Well bless you for your kindness.
The 3 billion that the US spends on Israel is a meaningless amount to Israel, it's a drop in the bucket, or a piss in the ocean. 3 billion, out of an economy of 245,000 billion, is trivial, nonexistent. But that 3 billion dollar "gift" from the American taxpayer, is a small price to pay, to have access to the brightest researchers on the planet, so the American taxpayer is getting back 100x that investment back, in the way of R&D.
You are already the New "Promised Land." And the founders of this great country viewed themselves as the "New Jews." Samuel Adams and Thomas Jefferson even fought viciously to have our national symbol be the Jews in the Exodus, fleeing Egypt, but, the crested Bald Eagle won out.
http://en.wikipedia.org/wiki/File:FirstCommitteeGreatSealReverseLossingD...
And no country has blessed the Jews more then the United States, for which you have been blessed a million times over. Bringing the Jews over would give the US access to more Nobel Prize Laureates in the Sciences then any other nation on Earth, it would enrich culture, and empower immensely the academics, the performing arts, film, and media.
I think you may misunderstand me
Without this compromise I doubt the heads of the major Jewish organizations in America can ever be persuaded to support an immigration pause or time-out at this point in time. The fate of world Jewry has got to be a consideration in the back of their minds and putting myself in their shoes and thinking about history, I can't say I blame them.

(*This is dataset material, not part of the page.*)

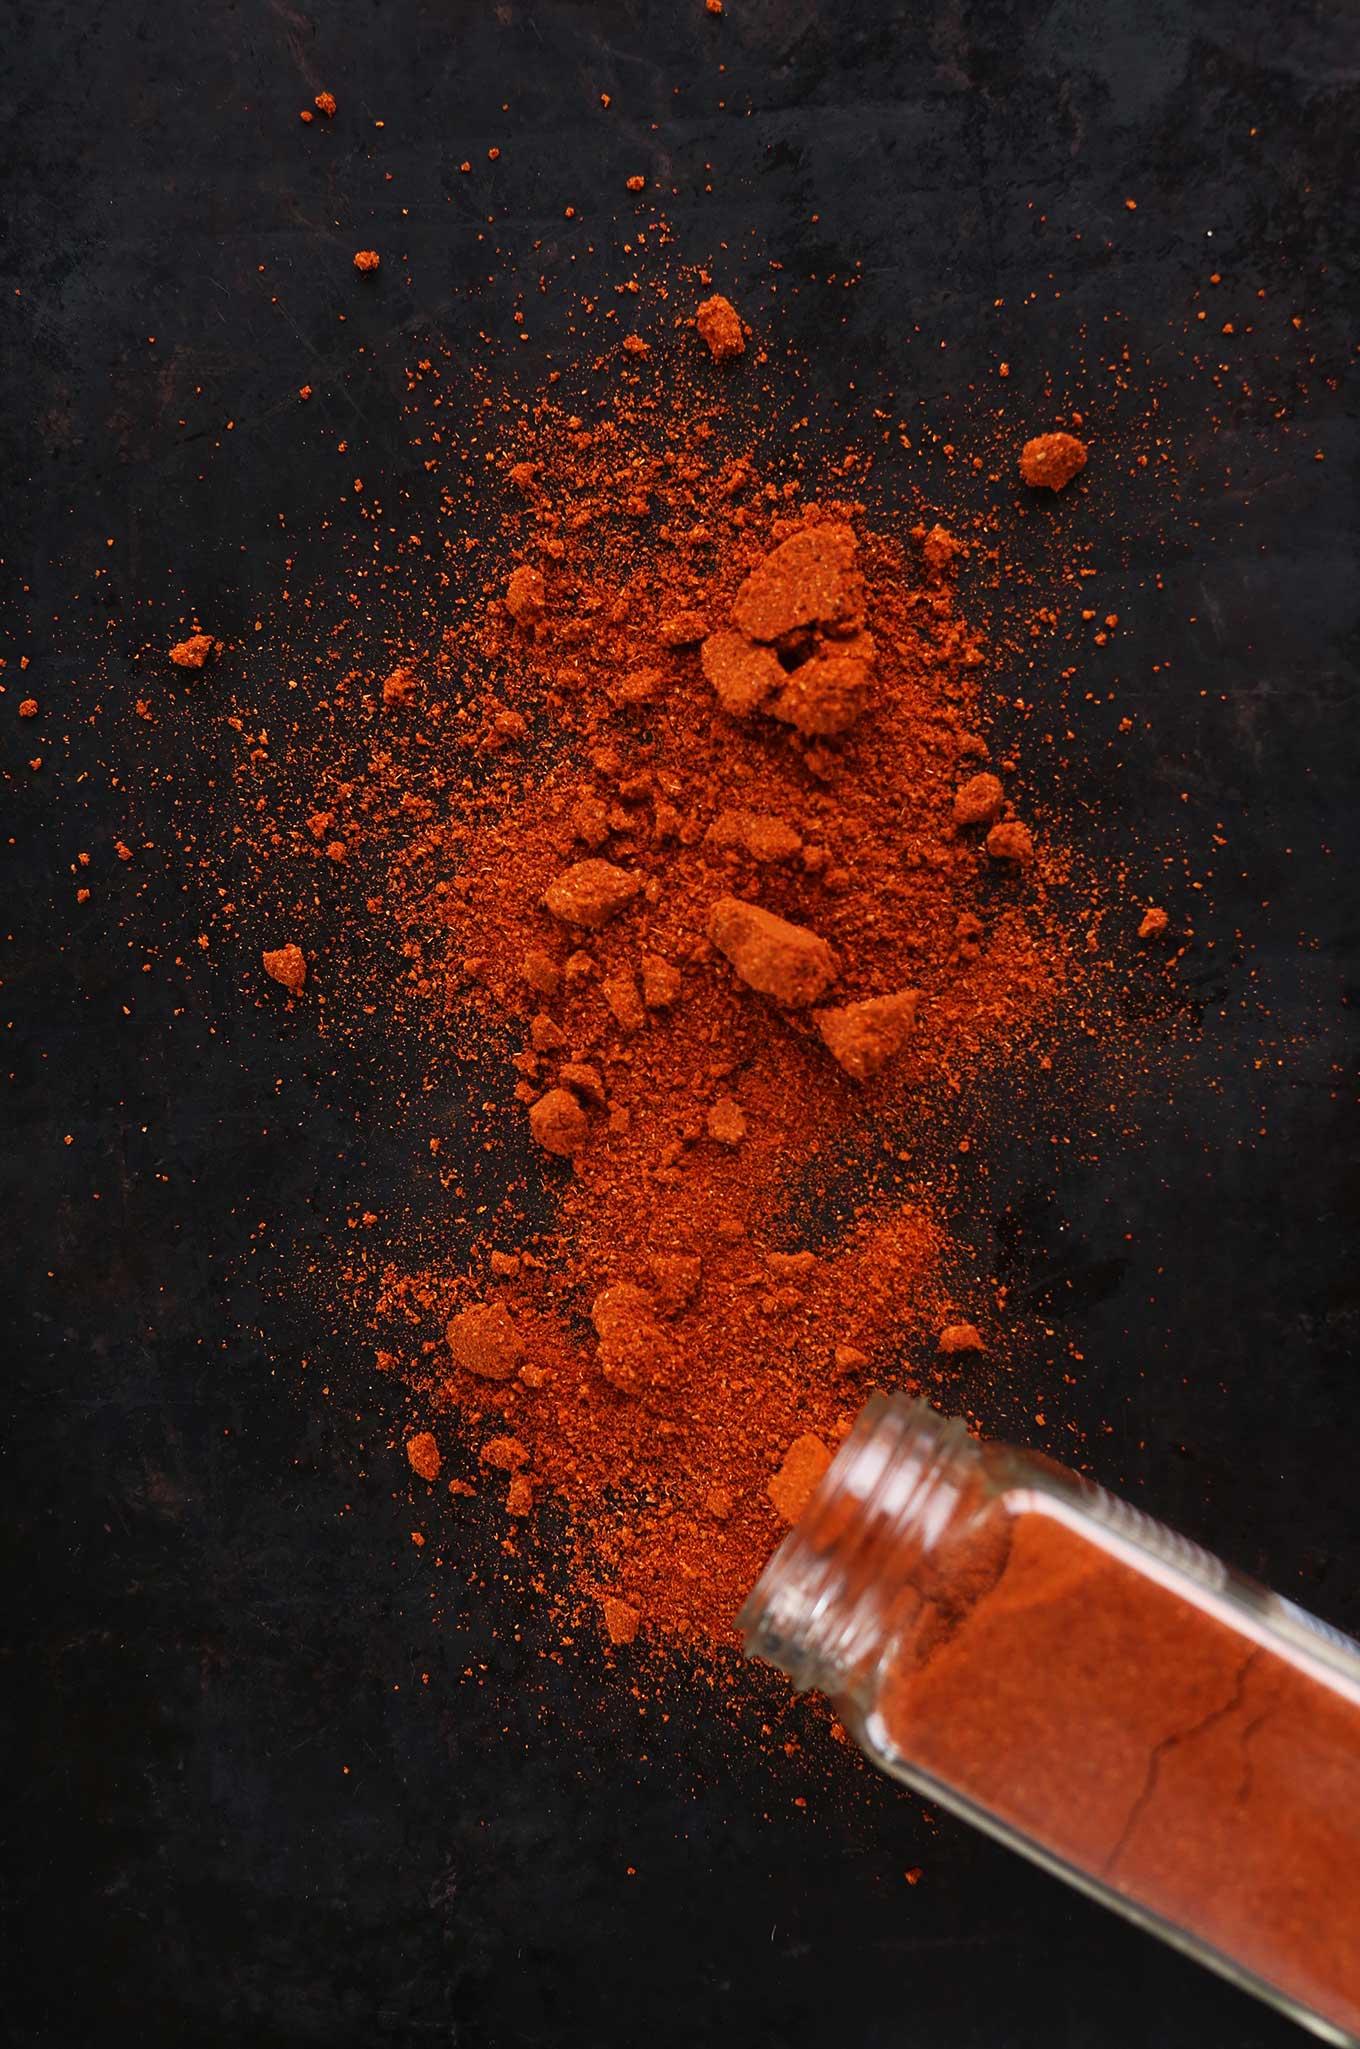 Jar of Masala Spice Blend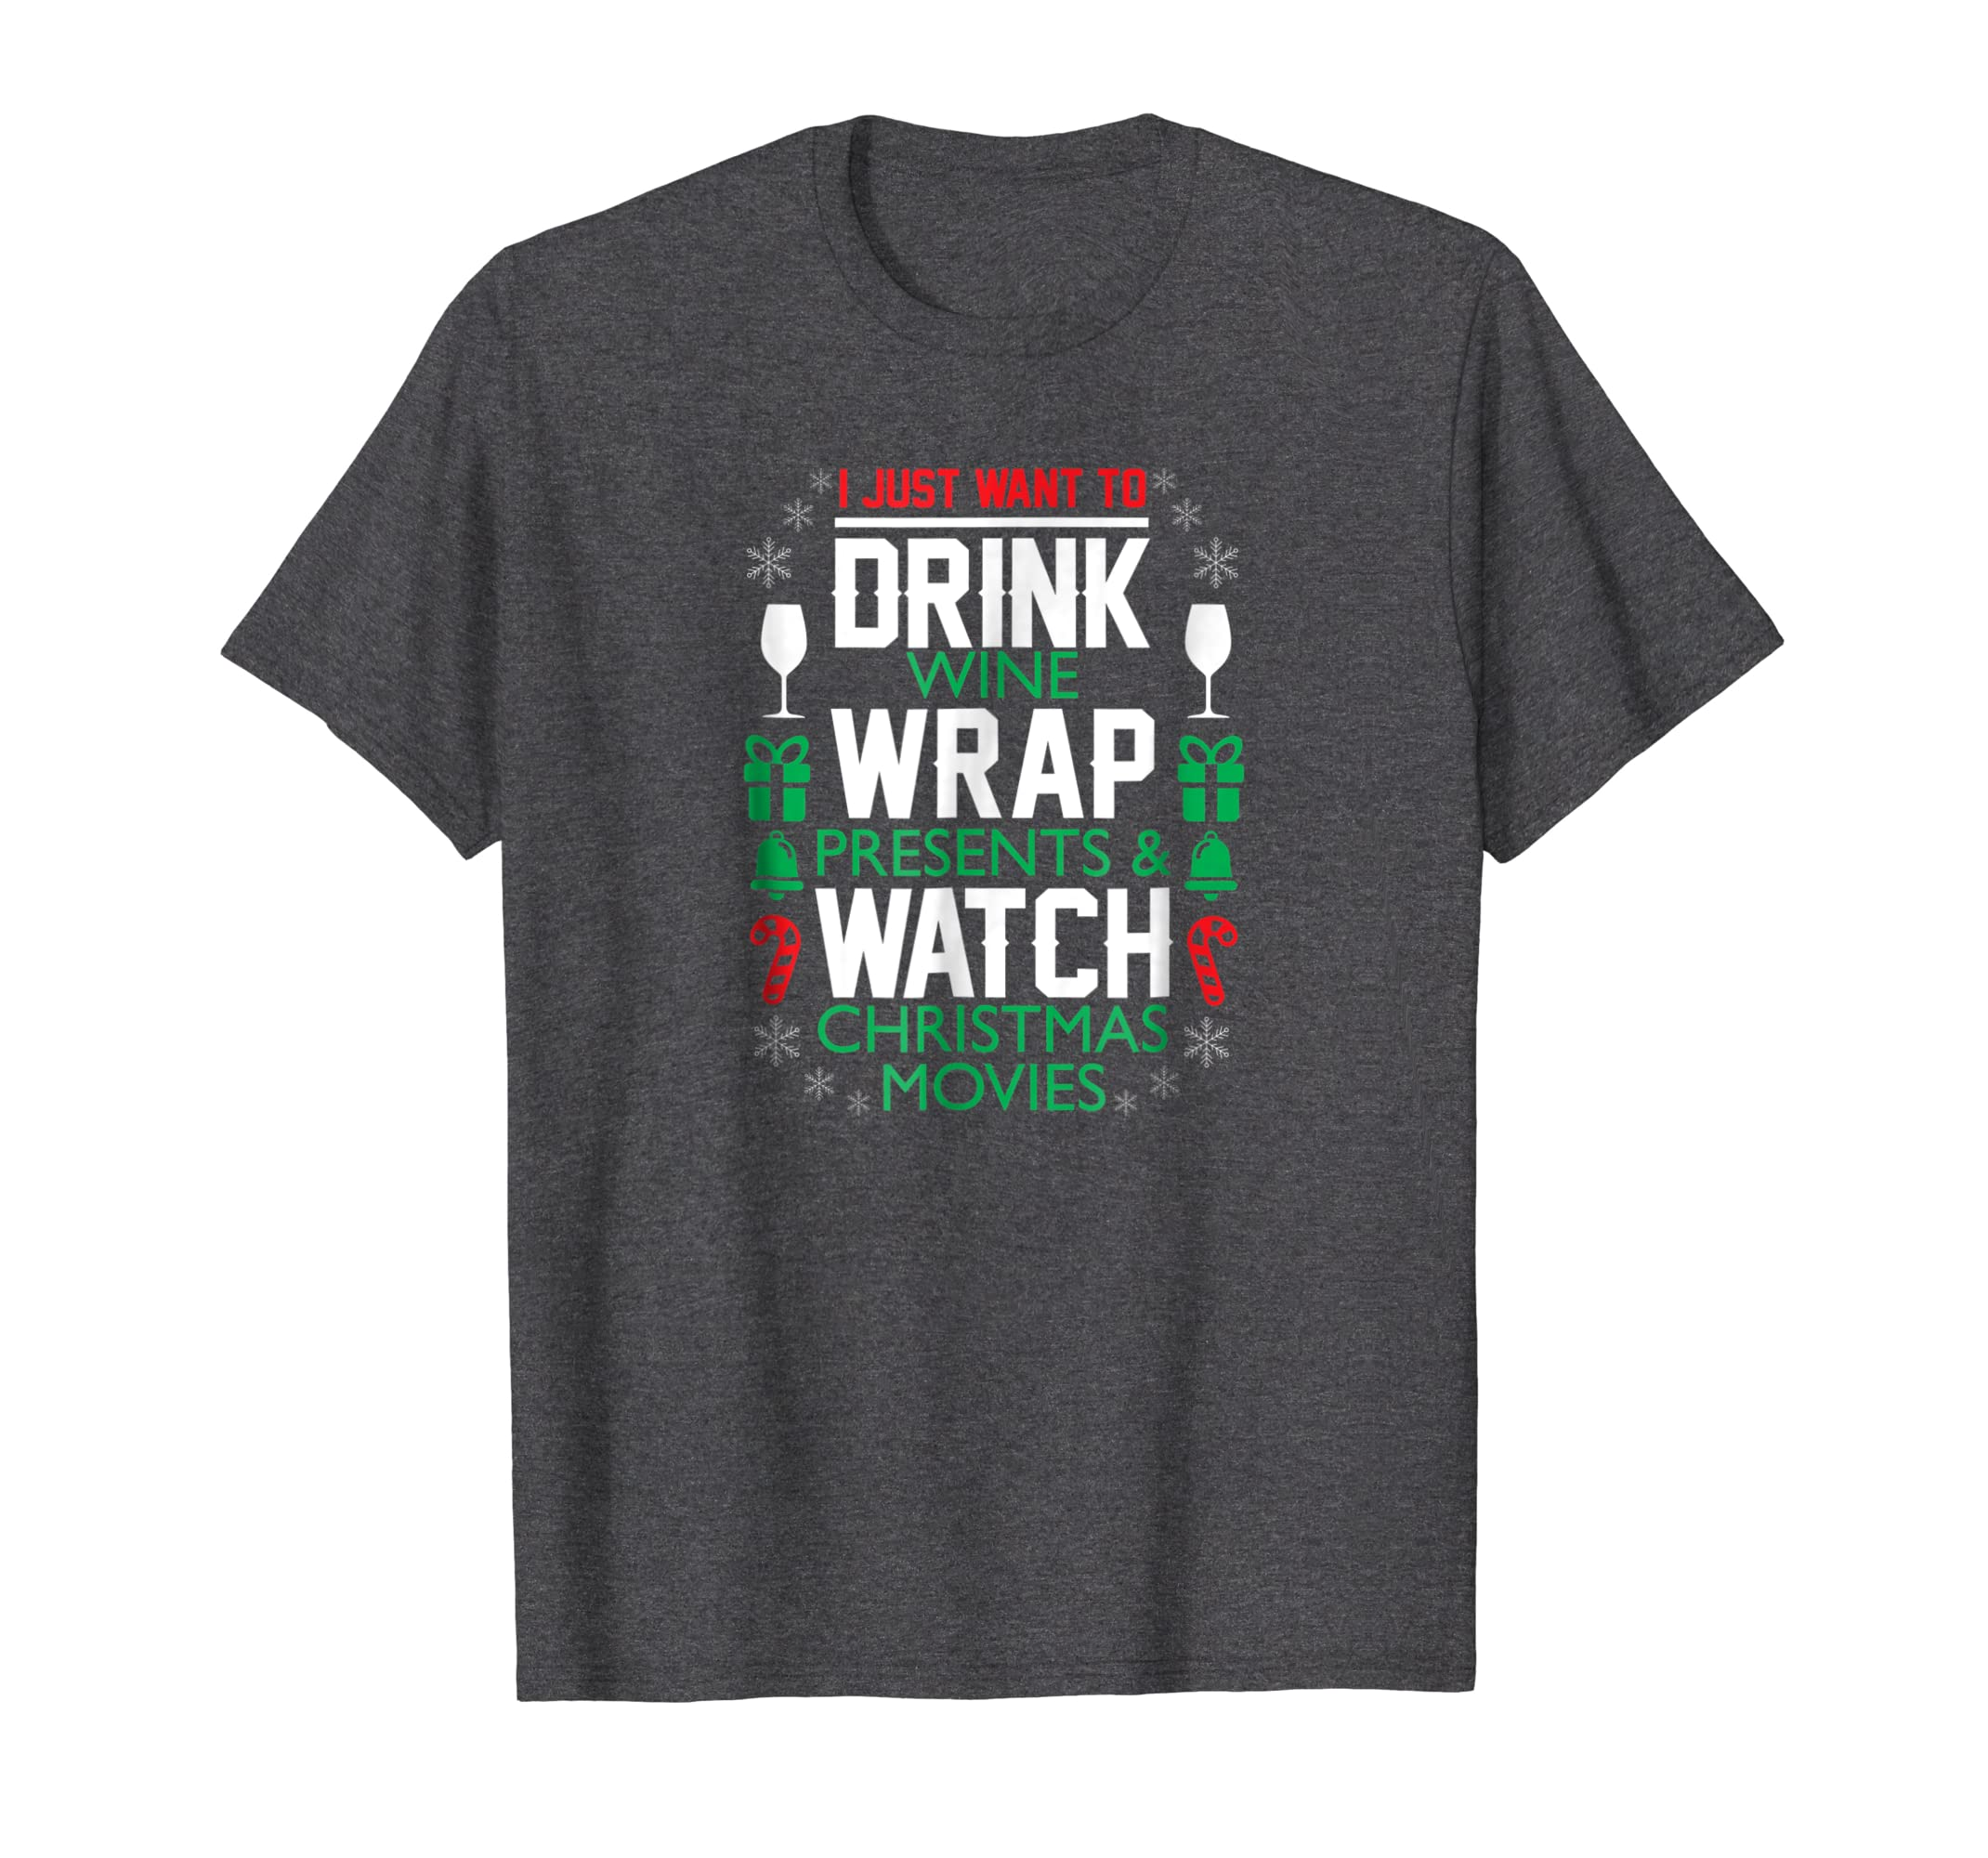 4f167e924 Amazon.com: Funny Wine Tshirt for Women Christmas Shirt for Wine Lovers:  Clothing

The key point is to make sure that concerns about the possible future welfare of world Jewry not be at odds with concerns about welfare of American society as a whole, which could turn out tragically for everyone involved. You would have to be politically naive not to think this is an important consideration. Realism being the first requirement for moral responsibility in this world.
I would also add that a temporary moratorium on immigration could help secure broad American popular support for the state of Israel over the long-term, which may easily unravel in an unraveling middle-class society. We need to align our interests.